_Exercise aim_.
Skip the pictures. Transcribe exactly the lines from the line containing "Rework Champion Bandeau - XL" to the end of the listing.

_Information supplied_.
* * *

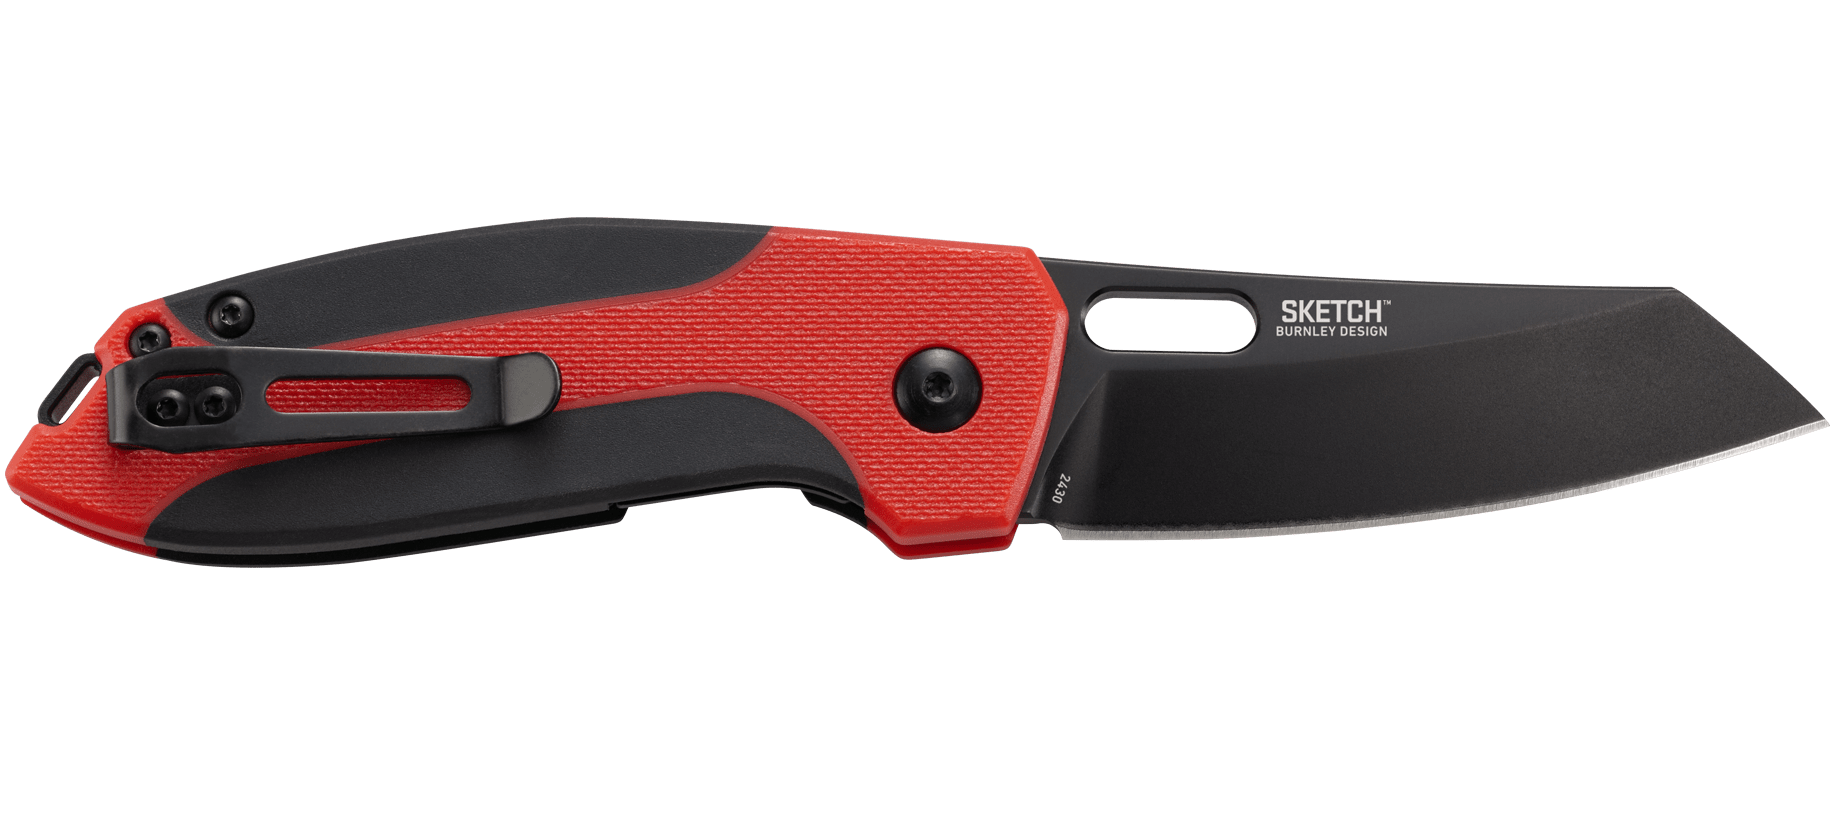 Складной нож CRKT Sketch™ Red, сталь 8Cr13MoV, рукоять ABS пластик - фото 3
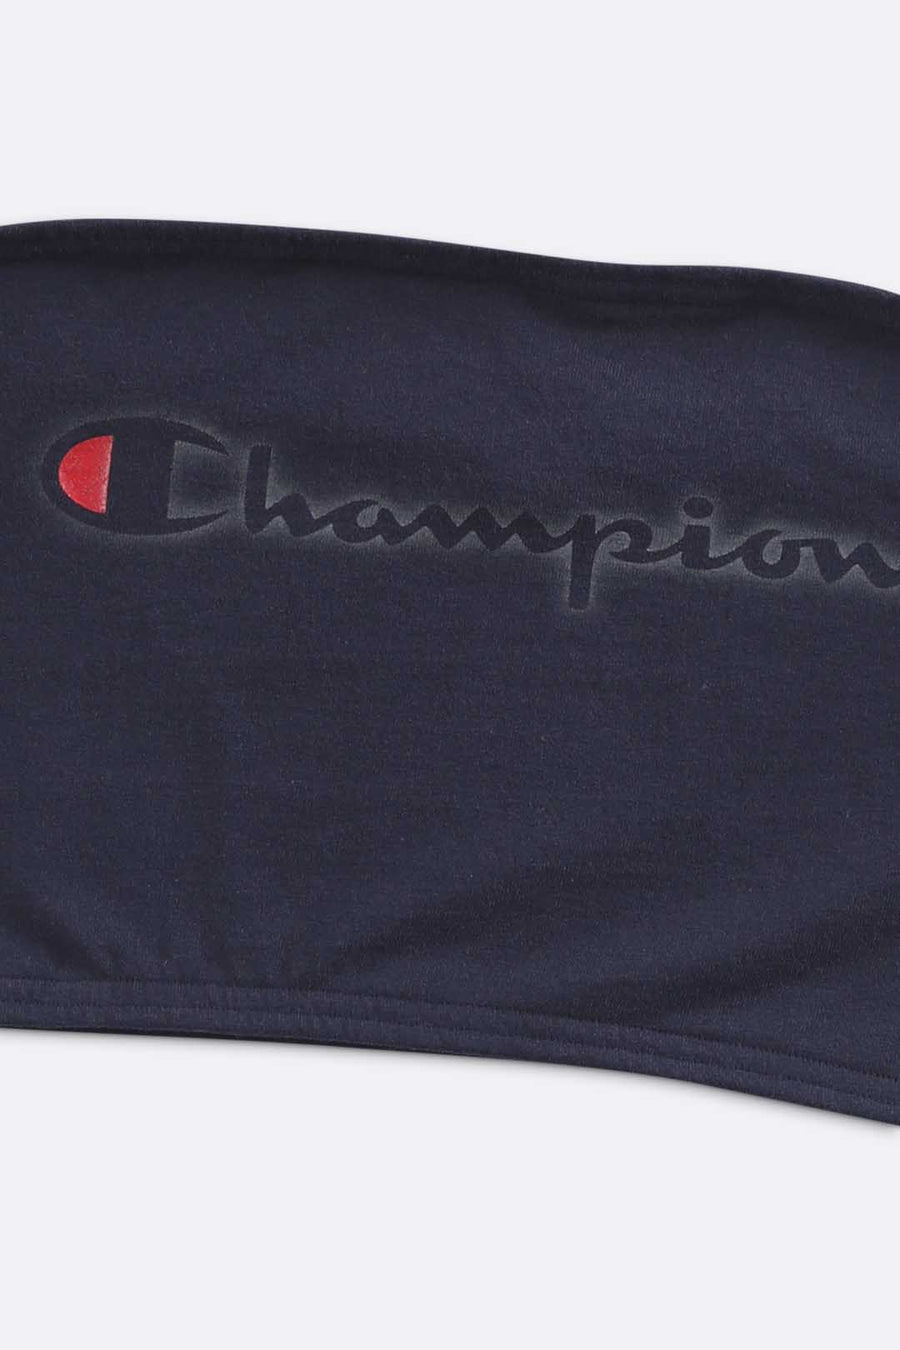 Rework Champion Bandeau - XL
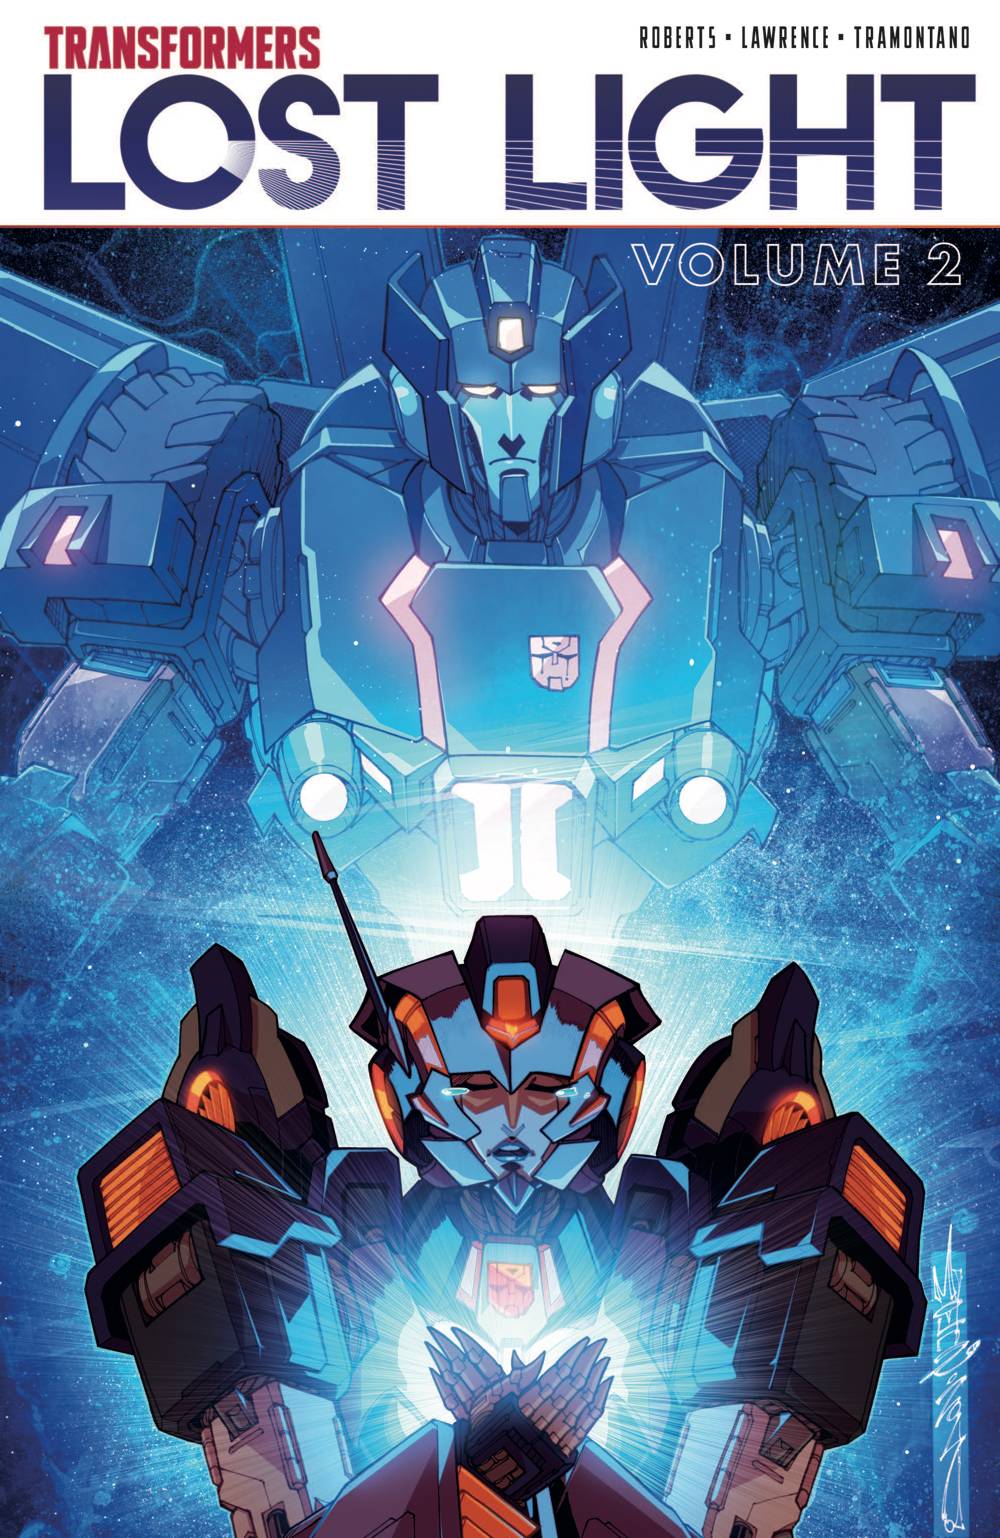 Transformers Lost Light Graphic Novel Volume 2

* * *

_Answer_.
 Rework Champion Bandeau - XL
 Transformers Lost Light Graphic Novel Volume 2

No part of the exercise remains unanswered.